– Ты – чудовище, – сказал он.

И сам поверил в то, что сказал.

– Джеймс Мокси, – произнес незнакомец, и губы его наконец зашевелились. – Что за гнусные вещи ты говоришь!

Стены и потолок таверны плыли в глазах Мокси, но он запомнил слова Гнилла, которые тот произнес в качестве очередного тоста.

– Я не большее чудовище, чем лиса, забравшаяся в курятник, с пастью, красной от птичьей крови, с лапами, мокрыми от содержимого разбитых яиц и от внутренностей растоптанных цыплят, еще не успевших увидеть белый свет. Я не большее чудовище, чем фермер, который ловит лису, хватает ее за горло и, прижав к стволу дуба, топором рассекает пасть, что лишила его кур, цыплят и яиц. И я не большее чудовище, чем икота, которая сотрясает грудь фермера, когда тот, подняв с пола погреба ящик, хочет вытащить его по лестнице наверх, чтобы свалить туда трупики дохлых кур. И, конечно же, я не большее чудовище, чем вода, собравшаяся у основания той лестницы, с которой грохнулся фермер – с физиономией, искаженной ненавистью, болью и искренним удивлением. По правде говоря, я больше напоминаю вдову этого самого фермера, которая найдет его труп под лестницей и уберет весь этот хлам. Видишь ли, на Большой дороге встречается кое-что и похуже, чем мужчины и женщины, которые воруют, грабят и убивают. И это худшее – я.

Эти слова всплыли, пульсируя, в памяти Мокси. Да, десять прошедших лет не смогли стереть их из воспоминаний. Как же велика власть Большой дороги!

– Хэрроуз, – сказал он.

Именно в Портсмуте он решил оставить Кэрол.

Оставить, – подумал он, и слово явилось к нему во всей своей силе, но лишенным цвета. Сердце его было смущено. И ему не было необходимости доказывать свою вину.

Мокси, легко похлопывая по крупу лошадь, продолжал движение. Неясный силуэт следовал за ним. И вскоре, когда солнце поднялось, а его лучи принялись играть с пространством Большой дороги, этот силуэт слился с собственной тенью Джеймса Мокси.
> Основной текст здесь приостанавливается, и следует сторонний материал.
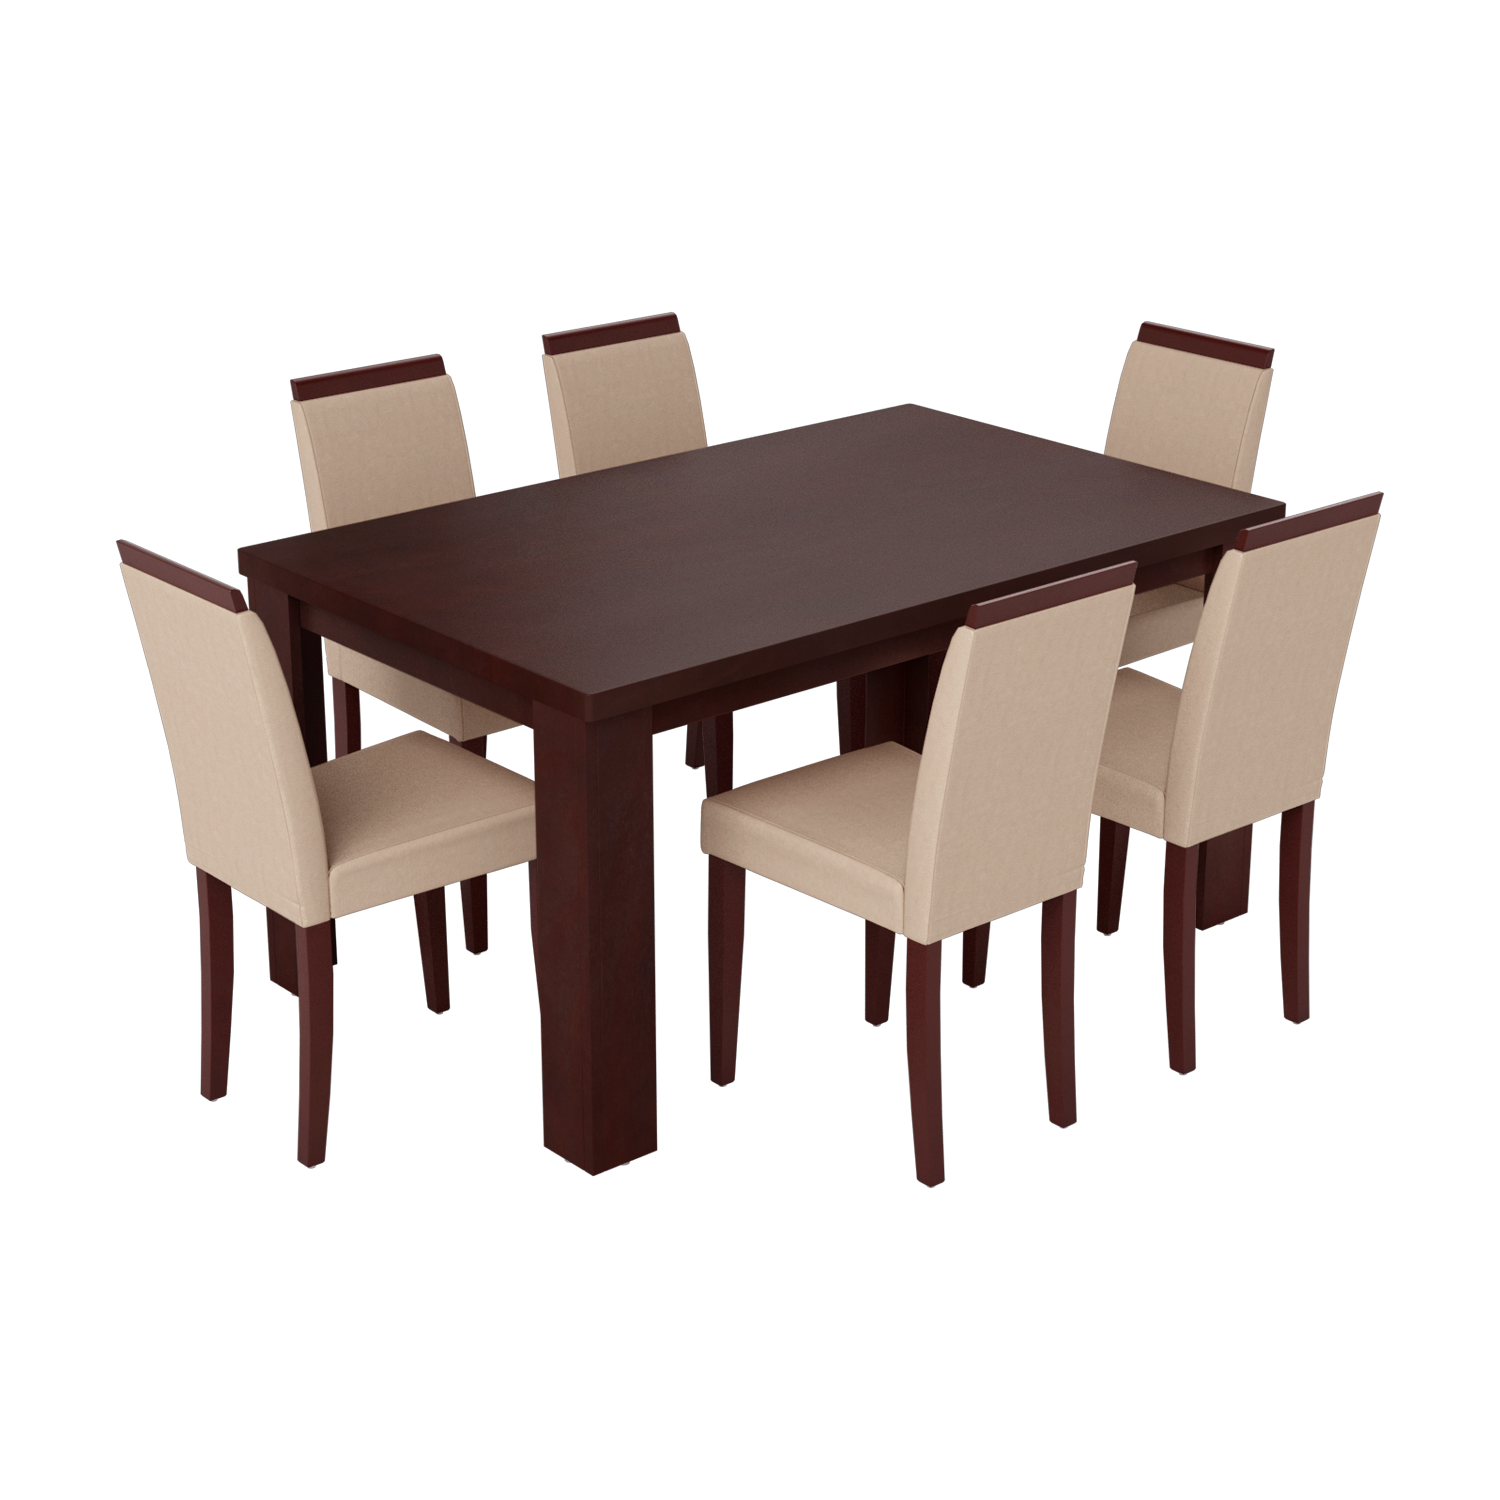 Jack 6 Seater Dining Table Set In, 6 Seater Dining Table And Chair Dimensions

Лафайетт инструктирует Дуайта

Дуайт стоял у окна гостиной и смотрел, как последние из гостей, пришедших разделить его скорбь, идут к своим экипажам и неторопливо отправляются по домам. День только начинался, но небо было серым. Похоже, собирается дождь. А может быть, это просто иллюзия, некий остаточный эффект, созданный обилием черных и серых одеяний гостей, которые теперь шли рука об руку, обнимая друг друга за плечи, причастившись смерти и испытав ее близость, ломающую все стены, разделяющие нас в обыденной жизни.

Супружеские пары по ступенькам поднимались в свои экипажи, и Дуайт слышал их приглушенные голоса, обращенные к возницам.

– Домой…

– В город…

Ощущение было такое, что Кэрол уже предана земле, и эта мысль наполнила душу Дуайта радостью: траурный прием удался.

Есть надежда, что и сами похороны пройдут без сучка без задоринки.

Экипажи один за другим отъезжали, поднимая облачка пыли, и в этой пыли Дуайт увидел приближающуюся к дому Лафайетт.

В каждом городке на Большой дороге найдется благодетель, всегда готовый помочь вам в любом затруднении. В богатом Хэрроузе таким человеком была Лафайетт.

Стук в дверь. Лафайетт, облаченная во вчерашнее платье, обладала достаточным опытом, чтобы постучать почти неслышно. Она все делала быстро, но без излишней спешки. И Дуайт не сразу отреагировал на ее стук, поджидая, пока последние гости скроются из виду, – некая игра, целью которой было показать, кто здесь диктует условия.

Наконец, когда отъехал последний экипаж, хозяин открыл дверь. Не говоря ни слова, он провел Лафайетт в кухню, гда в раковине лежала использованная посуда, а стол был заставлен лакомствами.